» Data below:

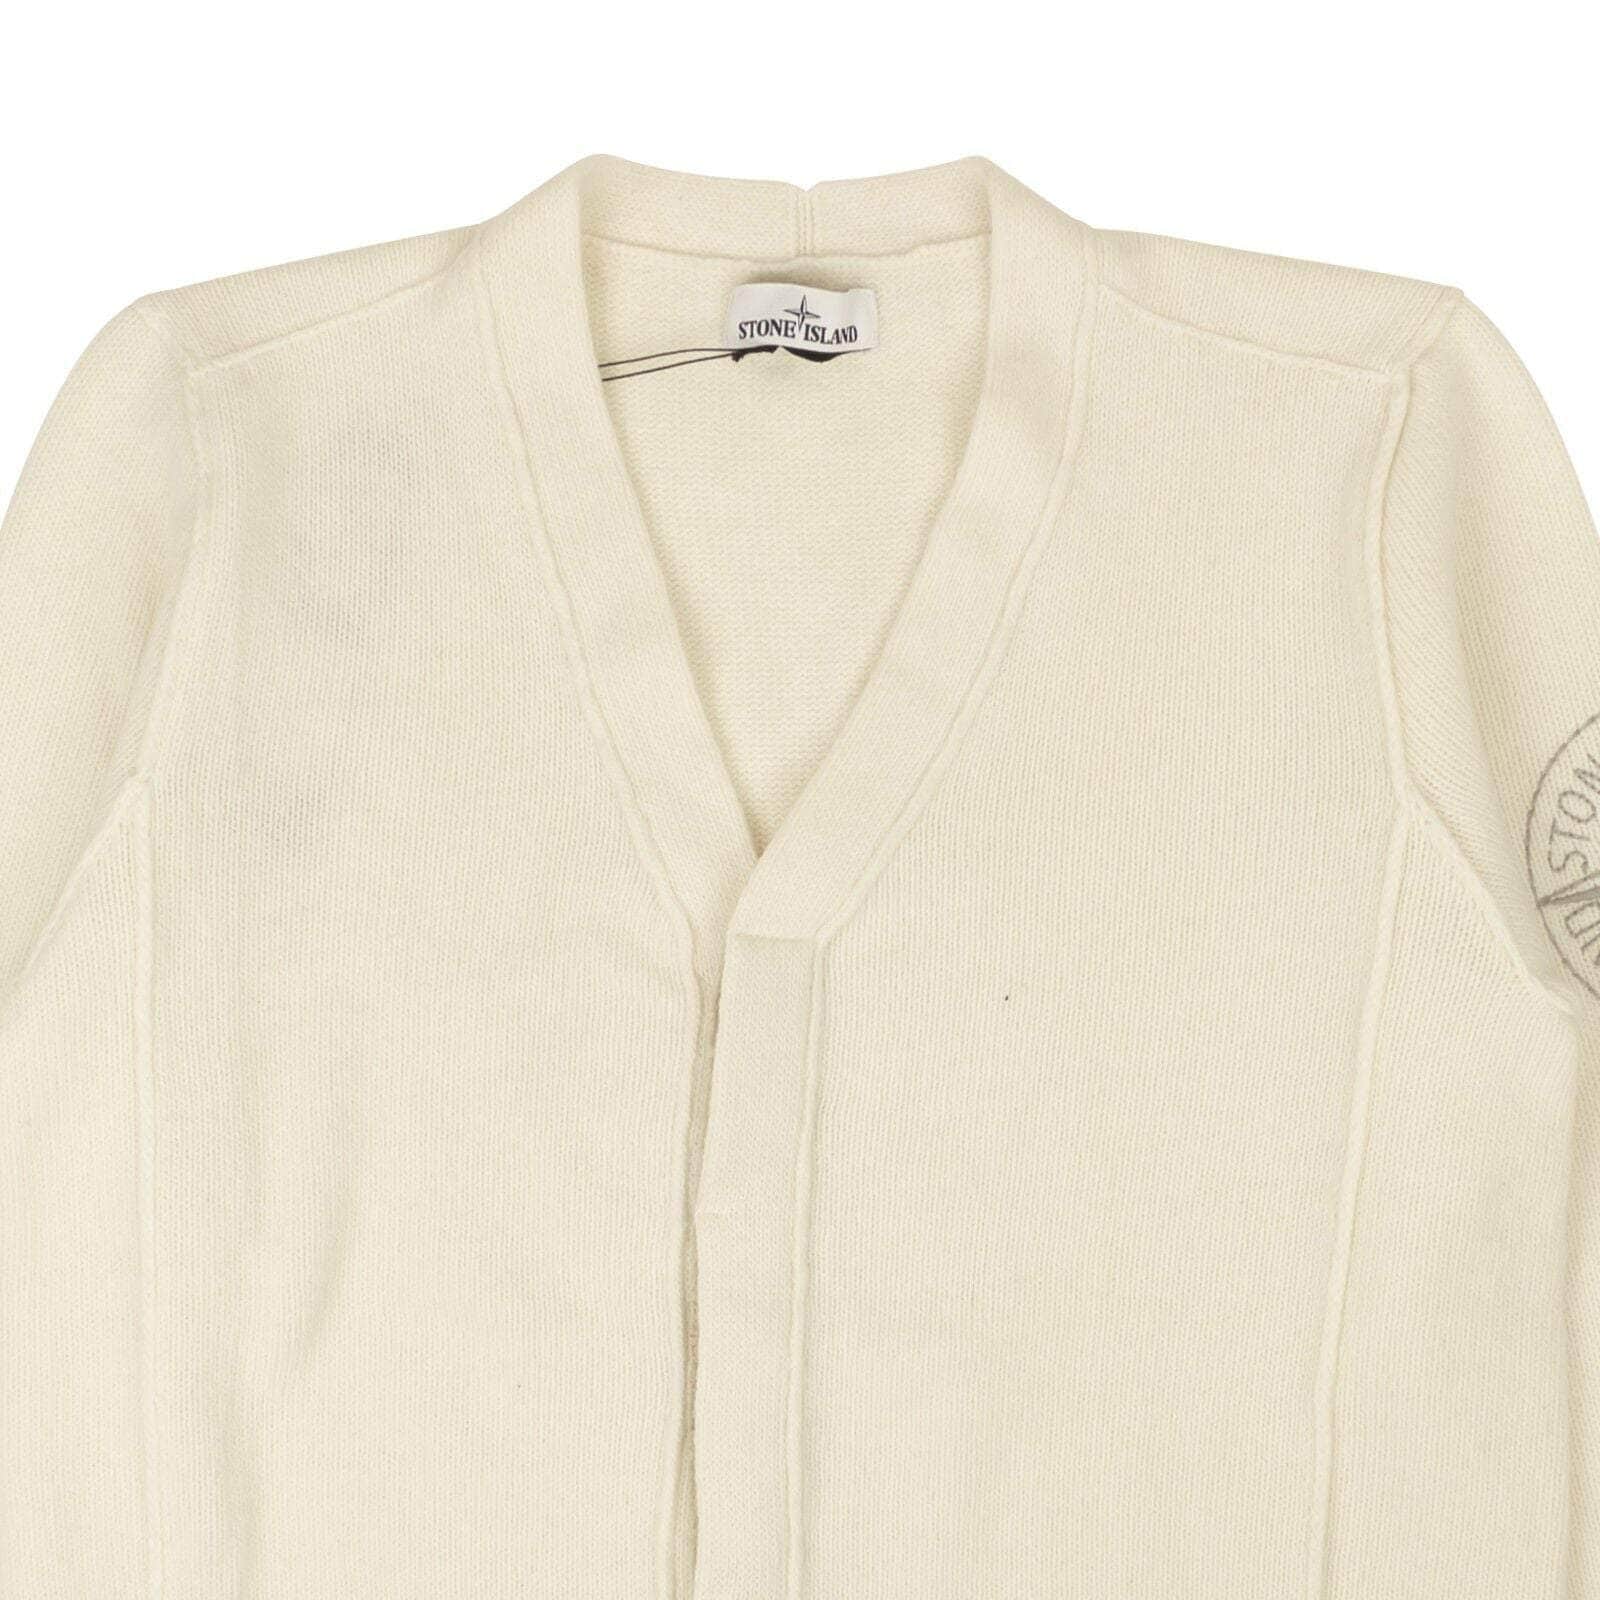 Stone Island 250-500, channelenable-all, chicmi, couponcollection, gender-mens, main-clothing, mens-shoes, size-xl, stone-island XL / MO7115549C7.V0099 Off White Wool Blend Button V-Neck Cardigan 95-STI-1010/XL 95-STI-1010/XL
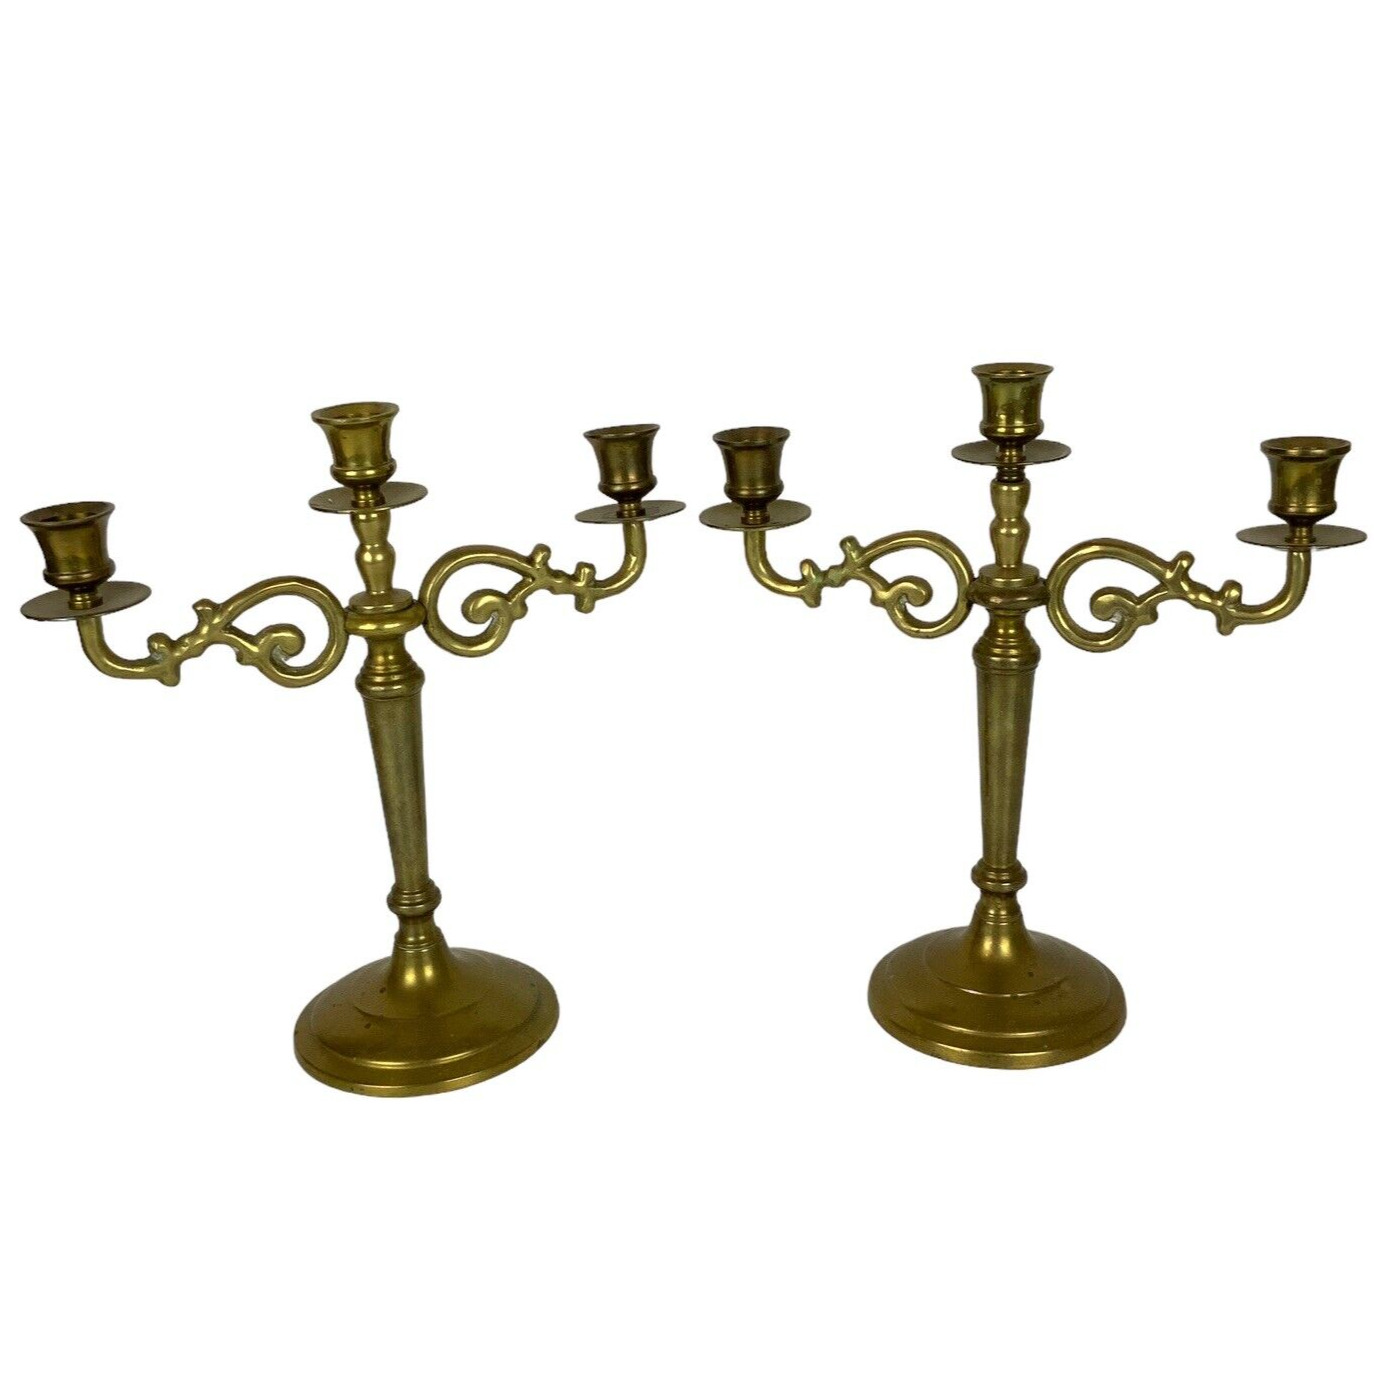 Vintage Gatco Solid Brass Candelabra Pair 3 Arm Candlestick Holders 1980s
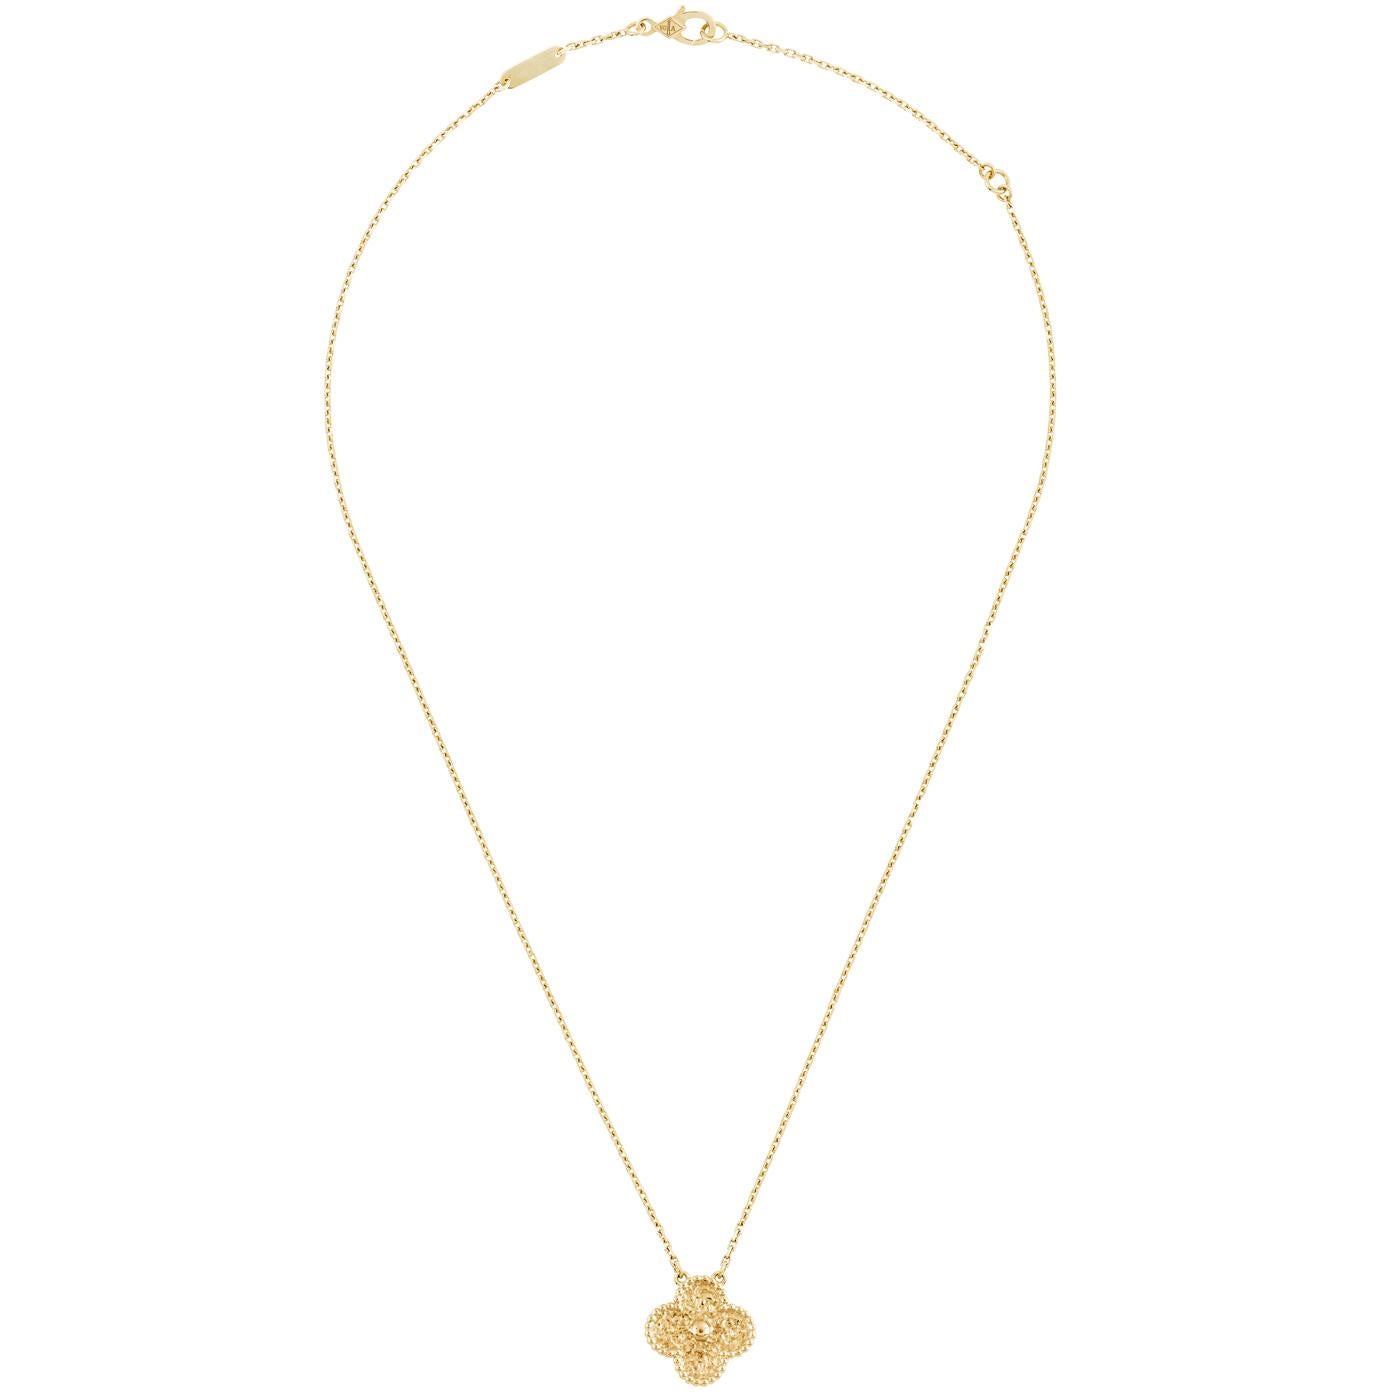 Faithful to the very first Alhambra jewel created in 1968, the Vintage Alhambra creations by Van Cleef & Arpels are distinguished by their unique, timeless elegance. Inspired by the clover leaf, these icons of luck are adorned with a border of

» Task objective:
Return nothing except the lines from the one containing "Vintage Gatco Solid" through the final line of the data, copied exactly. Leave out all pictures.

» Task solution:
 Vintage Gatco Solid Brass Candelabra Pair 3 Arm Candlestick Holders 1980s
 Faithful to the very first Alhambra jewel created in 1968, the Vintage Alhambra creations by Van Cleef & Arpels are distinguished by their unique, timeless elegance. Inspired by the clover leaf, these icons of luck are adorned with a border of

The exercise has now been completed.